Write API and Kafka Connect requests are capped at 10 MiB and 20,000 documents per request. If you see an error indicating "Payload size exceeds limit of 10,485,760 bytes" or "The number of documents specified in this request exceeds the maximum allowed limit of 20,000 documents", please try again with a smaller payload size, fewer documents per request, or use one of our [managed sources](🔗).

#### Too Many Requests (429)

To make sure your VI is sized appropriately to your ingest needs, monitor for the [429 Too Many Requests status code](🔗). The client can receive the 429 error code in two cases:

  • The client is sending data faster than the Virtual Instance peak throughput limit

    • The error message returned by the server is: `Your account is configured with a maximum write rate limit and you have reached this limit.`

    • Use appropriate retry, backoff and jitter strategies if the client hits this error.

      Here is a good [guide](🔗) on how to implement this on the client side.

    • If the application encounters 429 for a large retry count (10 or more), check the [streaming ingest metrics](🔗). If the application requires high ingest throughput, then consider increasing your VI size to avoid throttling

  • The client is sending more writes per second than the Virtual Instance limit

    • The error message returned by the server is: `Your account is configured with a maximum write requests per second limit and you have reached this limit.`

    • Use appropriate retry, backoff and jitter strategies if the client hits this error.

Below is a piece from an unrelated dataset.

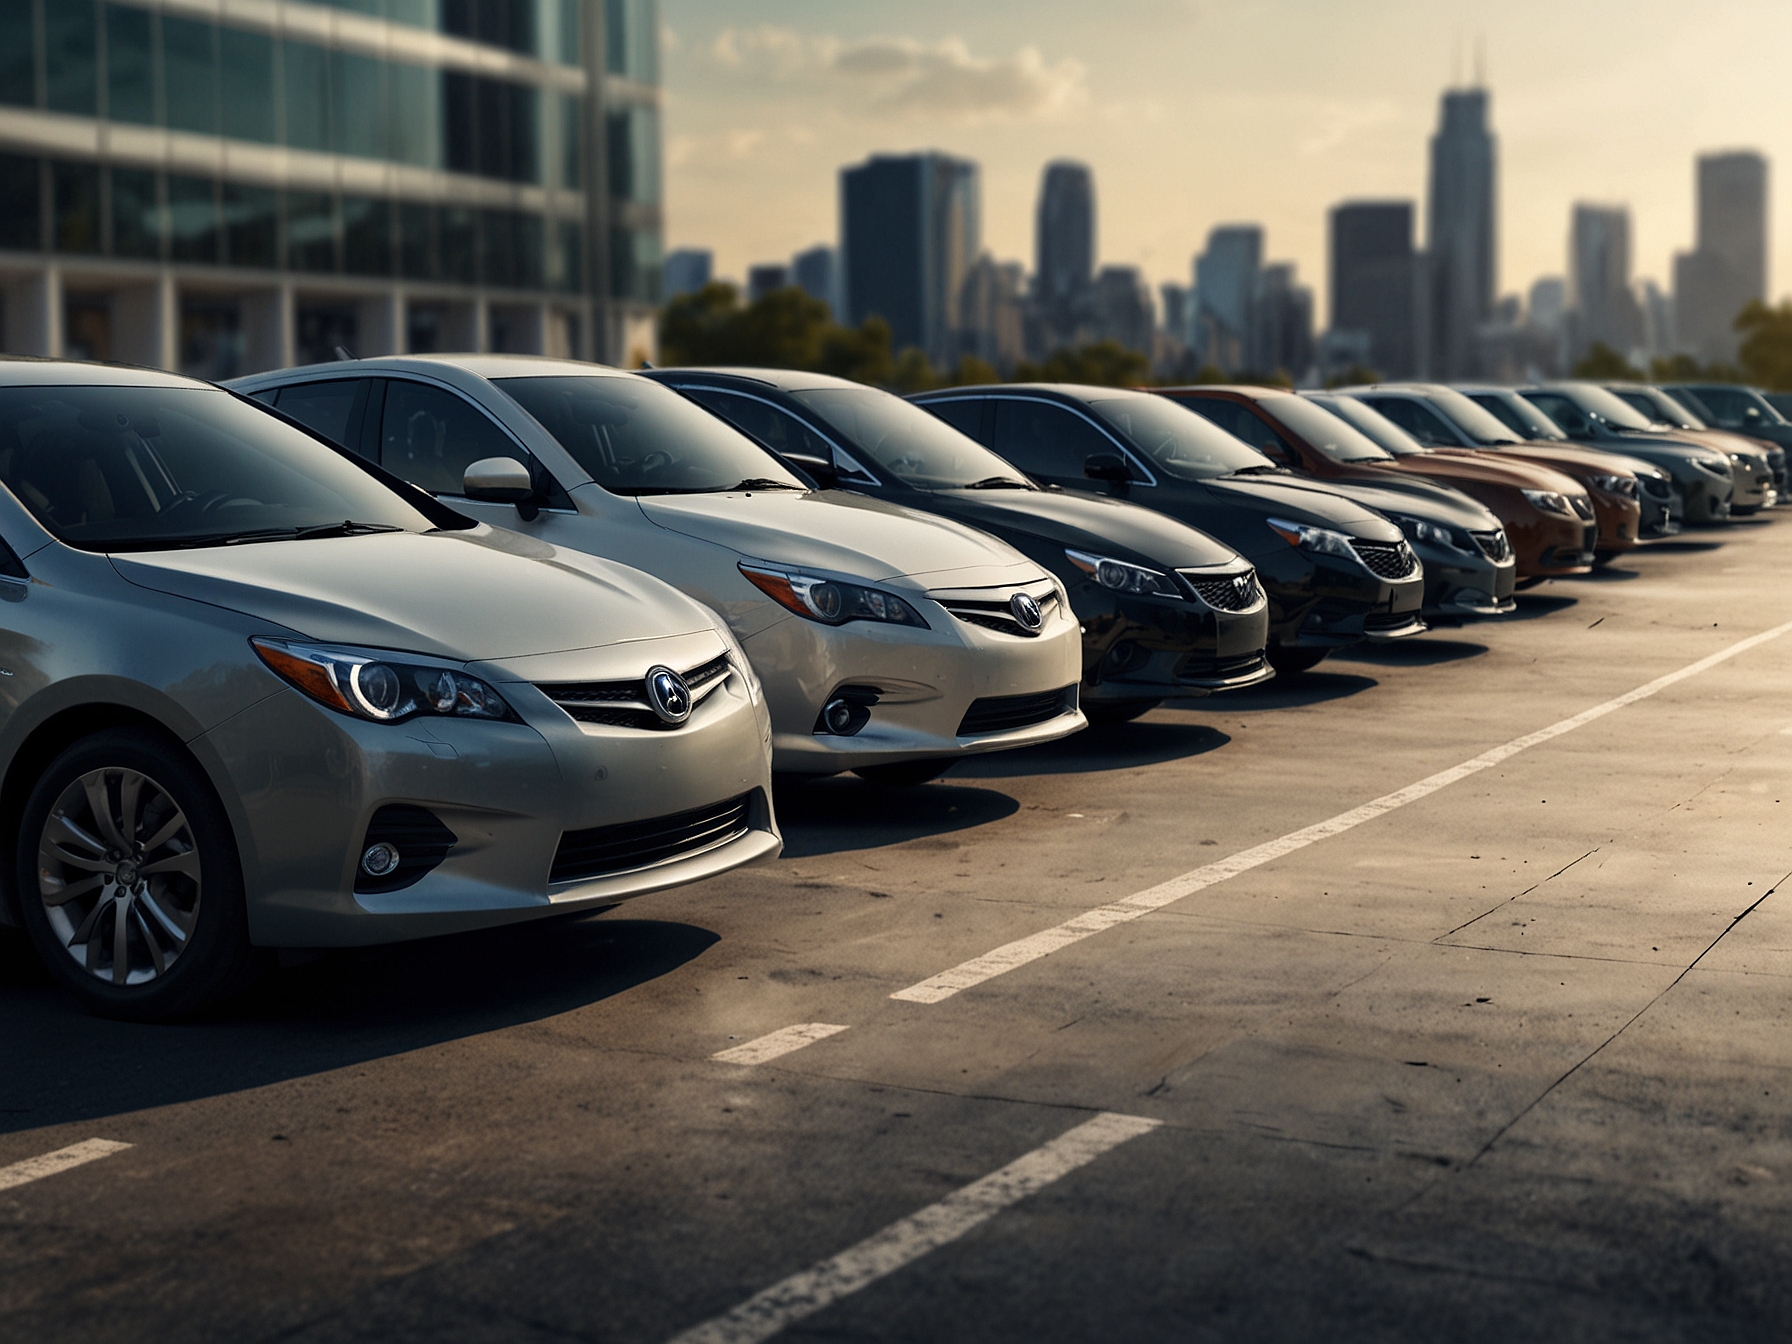 A diverse lineup of hybrid vehicles displayed at an auto show, showcasing compact cars, SUVs, and luxury sedans. These cars represent the shift towards eco-friendly transportation solutions.

      Here is a good [guide](🔗) on how to implement this on the client side.

      If the application encounters 429 for a large retry count (10 or more), reach out to [Rockset Customer Support](🔗).

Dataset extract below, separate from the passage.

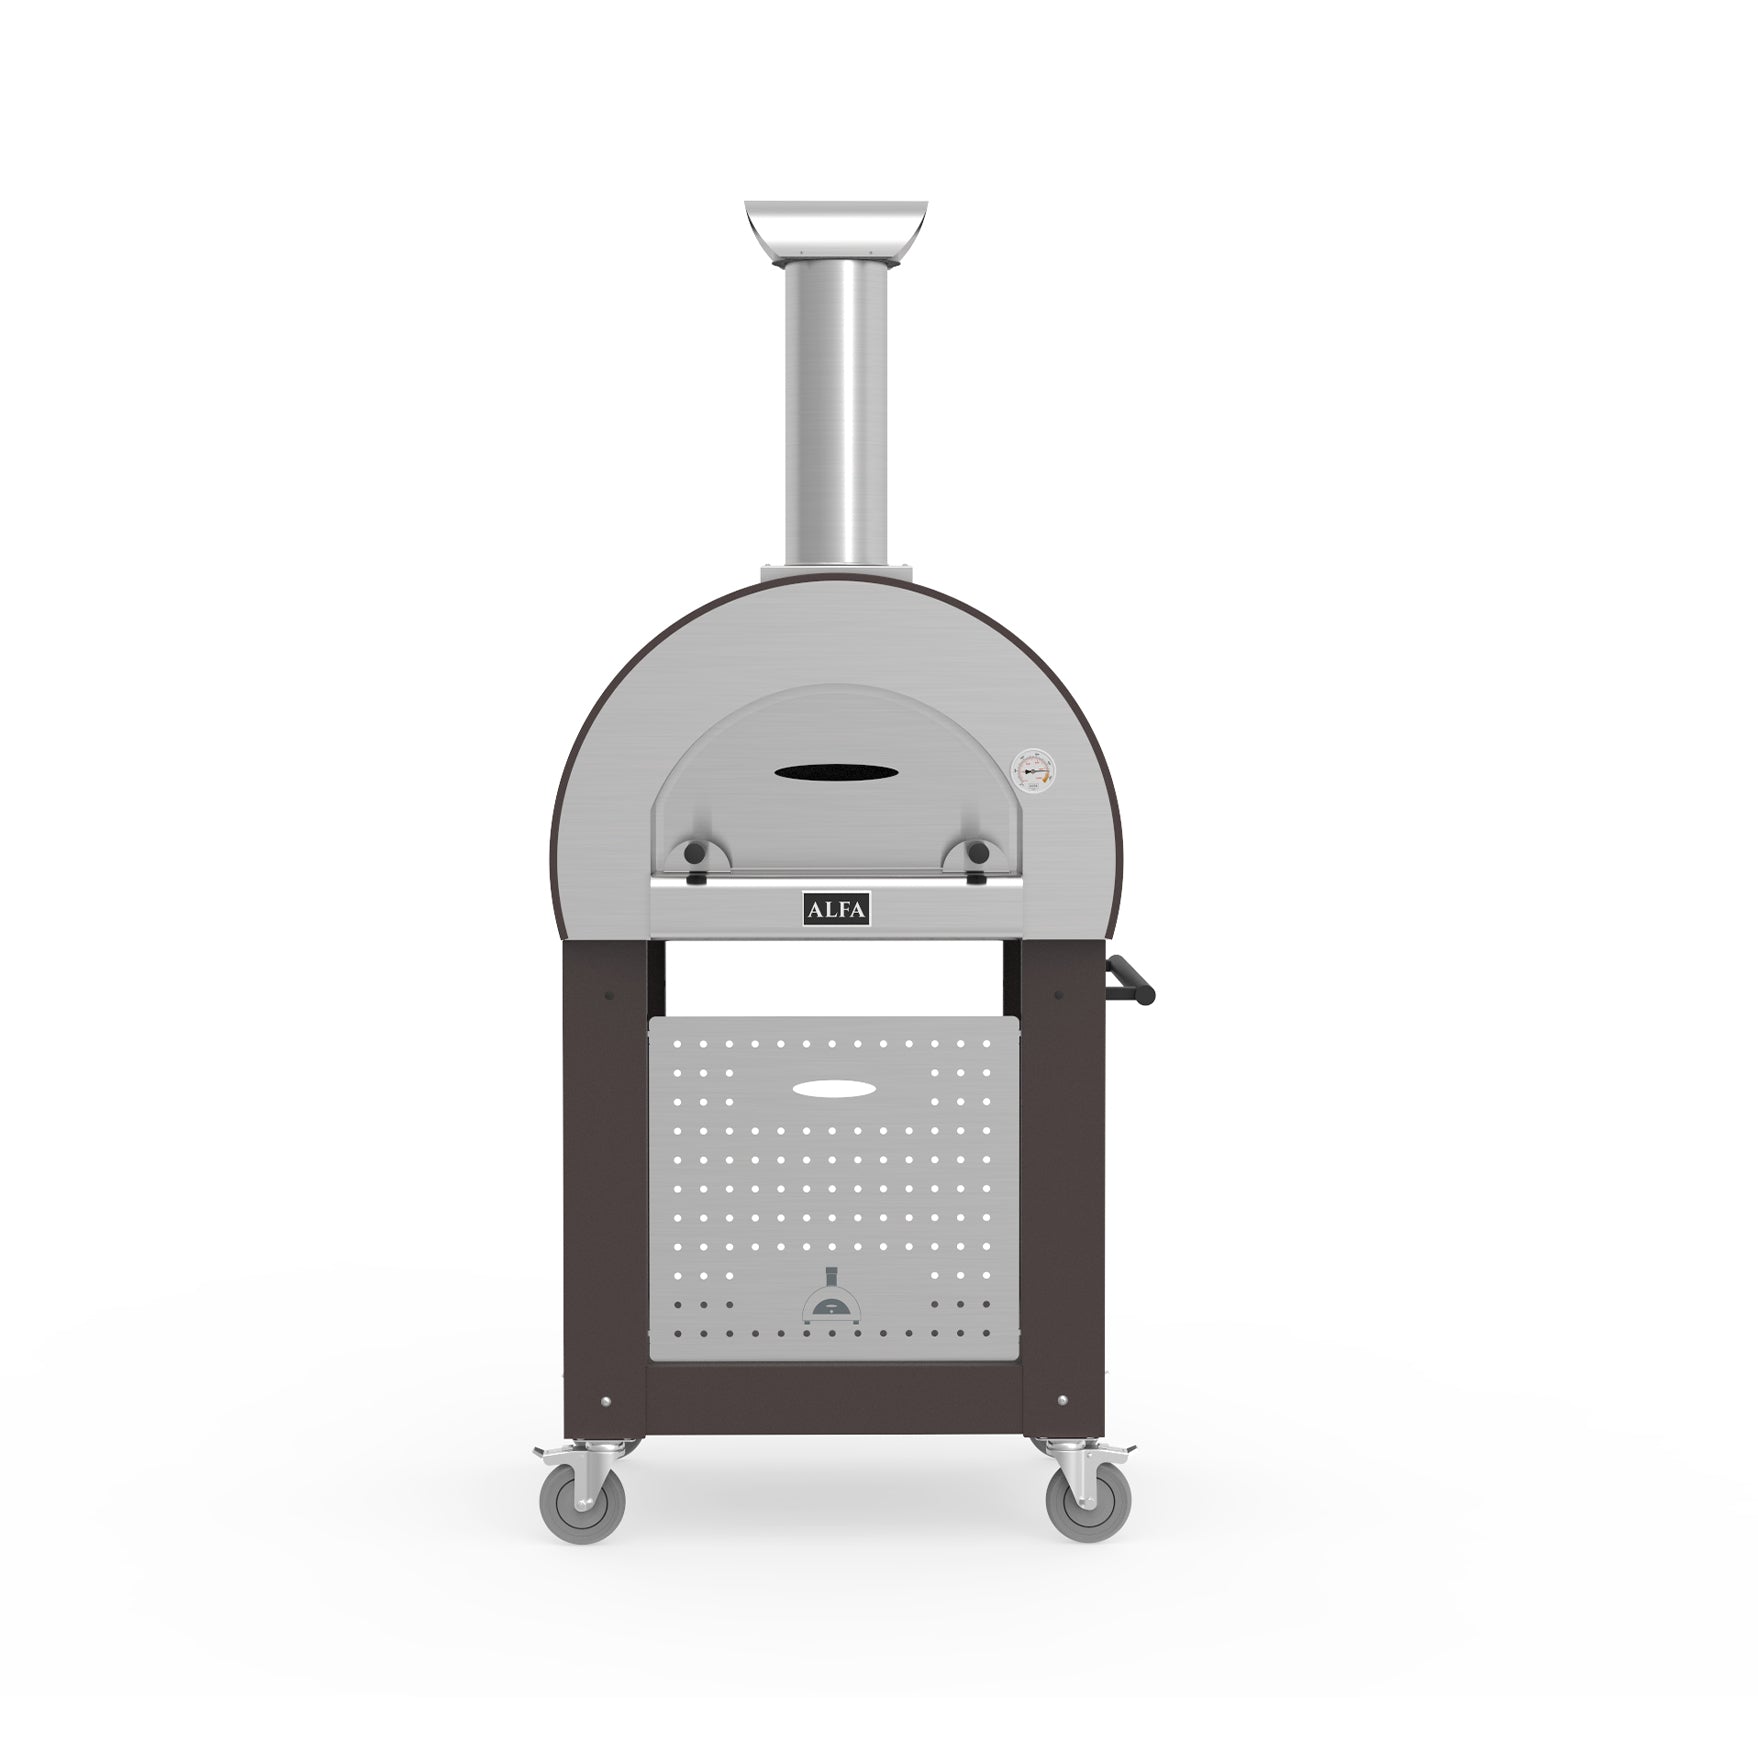 Pizza Oven Stand

    • If the client requires sending more requests then consider buffering of records on the client and then sending a batch of records (>100KB in size) per Write API request.

    • If the workload still requires a higher write rate, consider forwarding the documents to Amazon Kinesis or managed Kafka service like Confluent or Amazon MSK and then use that integration to sync data with Rockset. Since a managed integration, like Kinesis, is pull-based the limitations on how fast Rockset can pull data are based only on the source.

## Create an Empty Collection

While you can directly add documents to any existing collection, you will need to first create an empty collection if you intend to use the Rockset API to add documents to a **new** collection.

You can create an empty collection by navigating to [Collections > Create Collection > Write API](🔗) in the Rockset Console.

The Rockset API also exposes a [Create Collection](🔗) endpoint enabling you to create an empty collection from your application code.

## Add Documents

The Rockset API exposes an [Add Documents](🔗) endpoint so that you can insert data directly into your collections from your application code.

For your convenience, Rockset also maintains SDKs for [Node.js](🔗), [Python](🔗), [Java](🔗), and [Go](🔗). Each SDK has its own set of methods for using the REST API to add documents which you can find in its documentation.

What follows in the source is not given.